2. Речевой акт – это индивидуальное и каждый раз новое употребление языка как средства общения различных индивидов. Речевой акт должен быть обязательно двусторонним: говорение – слушание, что составляет непрерывное единство, обусловливающее взаимопонимание. Речевой акт, прежде всего процесс, который изучается физиологами, акустиками, психологами и языковедами. Речевой акт может быть не только услышан (при устной речи), но и записан (при письменной речи), а также, в случае устного речевого общения, зафиксирован на магнитофонной пленке или на цифровом носителе. Речевой акт тем самым доступен изучению и описанию с разных точек зрения и по методам разных наук.
3. Самое трудное определить, что такое речь. Речь - проявление и функционирование языка, сам процесс общения; она единична для каждого носителя языка. Это явление переменное в зависимости от говорящего лица. Прежде всего, это не язык и не отдельный речевой акт. Язык и речь - две стороны одного и того же явления. Язык присущ любому человеку, а речь - конкретному человеку. Мы говорим об устной и письменной речи, и это вполне правомерно, мы говорим о речи ребенка, о школьника, о речи молодежи, о сценической речи, об орфоэпической речи, о прямой и косвенной речи, о деловой и художественной речи о монологической и диалогической и т.д. Все это разные возможности использования языка, отображения для того или иного задания, это разные формы применения языка в различных ситуациях общения. И вот это является предметом языковедения. Тогда как «психофизический механизм» - предмет физиологии, психологии и акустики, данными которых лингвист должен пользоваться.
2 ФУНКЦИИ ЯЗЫКА. РЕЧЬ. ФУНКЦИИ РЕЧИ
Давая характеристику функциям языка и речи, предварительно будет уместным определить понятие «общение».
Общение (коммуникация) – это передача от одного лица другому какого-то сообщения с той или иной целью. Общение совершается в результате коммуникативной деятельности двух или нескольких лиц в определенной ситуации при наличии общего средства общения.
2.1 ФУНКЦИИ ЯЗЫКА
1. Важнейшим средством человеческого общения является язык. Предназначенность языка быть орудием общения называется его коммуникативной функцией. Общаясь друг с другом, люди передают свои мысли, волеизъявления, чувства и душевные переживания, воздействуют друг на друга в определенном направлении, добиваются общего взаимопонимания. Язык дает людям возможность понять друг друга и наладить совместную работу во всех сферах человеческой деятельности. Язык был и остается одной из сил, которые обеспечивают существование и развитие человеческого общества.
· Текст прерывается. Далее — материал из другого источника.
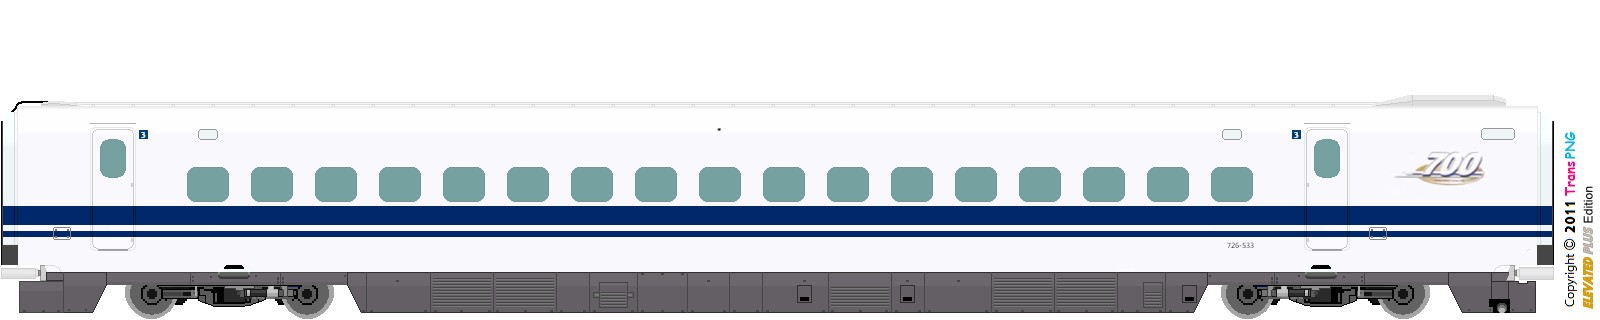 [9010] Central Japan Railway 52287586143_cbd66db0b4_o
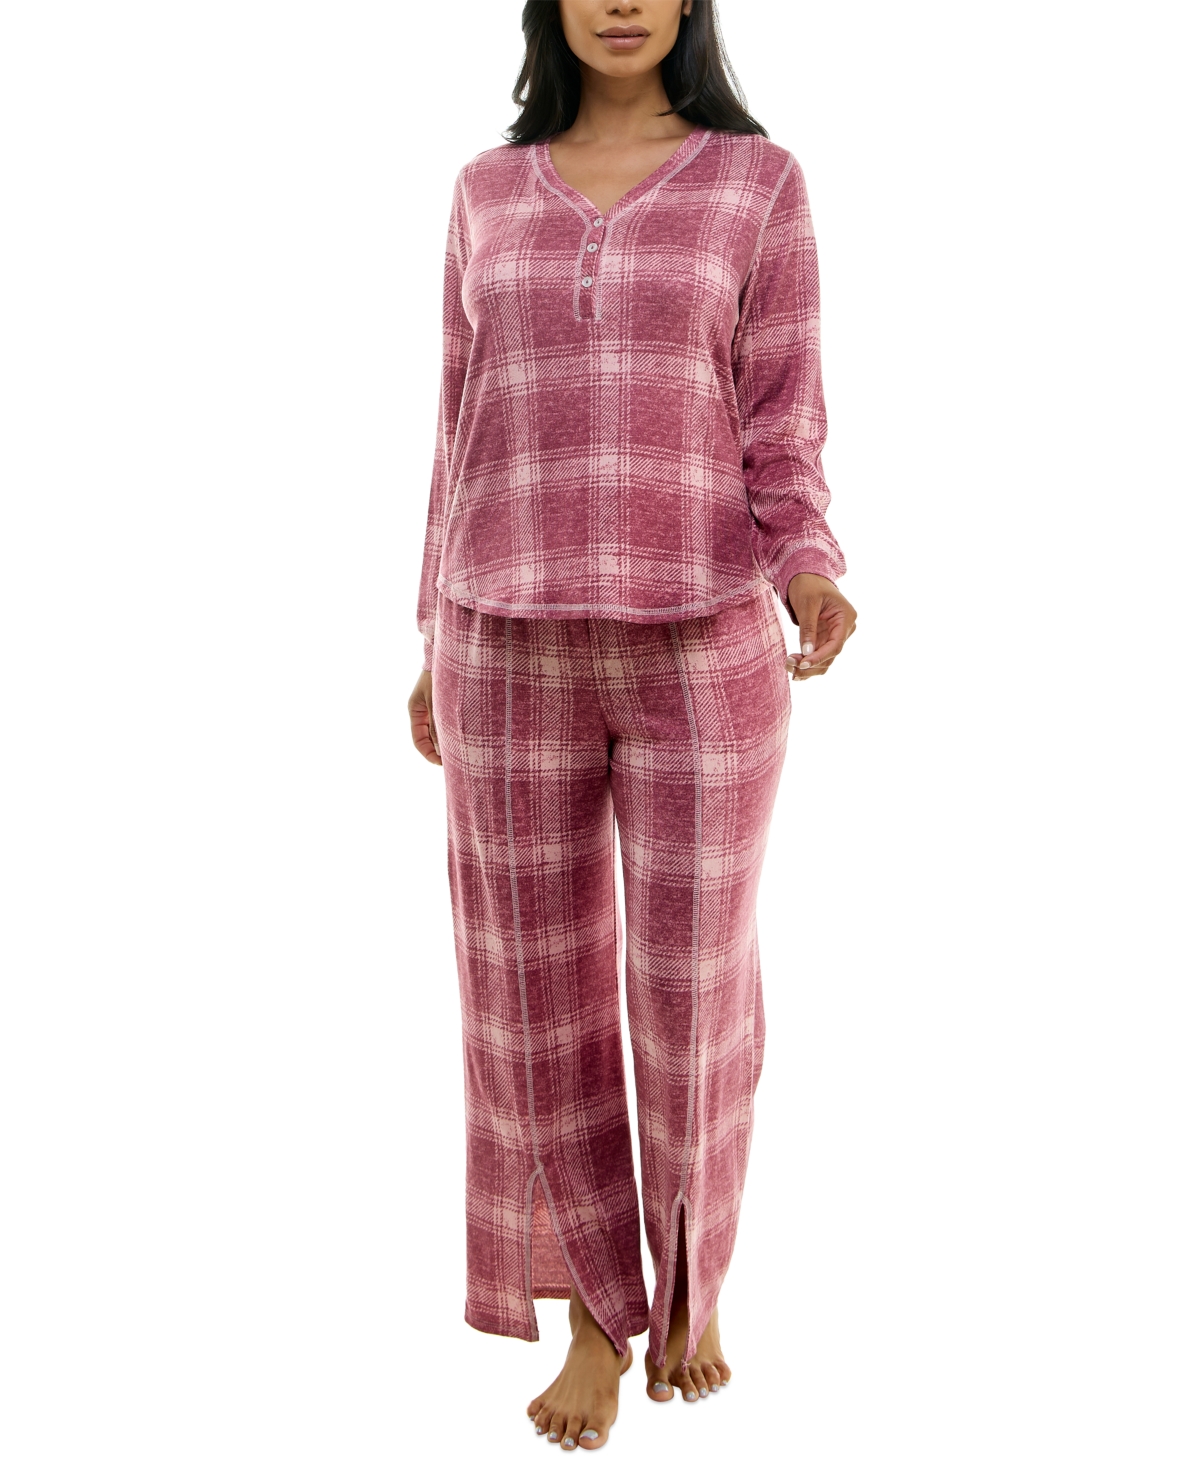 Roudelain Women's 2-pc. Printed Henley Pajamas Set In Beppo Distress Check

Коммуникативная функция языка – основная социальная функция языка. Как ее дальнейшее развитие, усложнение и социализация у языка появляются функции экспрессивная и аккумулятивная.
2. Экспрессивная функция языка - это его способность выражать информацию, передавать ее и оказывать на собеседника воздействие. Экспрессивную функцию рассматривают как единство выражения и передачи сообщения (информативная функция), чувства и эмоций (эмотивная функция), волеизъявления говорящего (волюнтативная функция).
3. Мыслеформирующая функция - Язык используется как средство мышления в форме слов.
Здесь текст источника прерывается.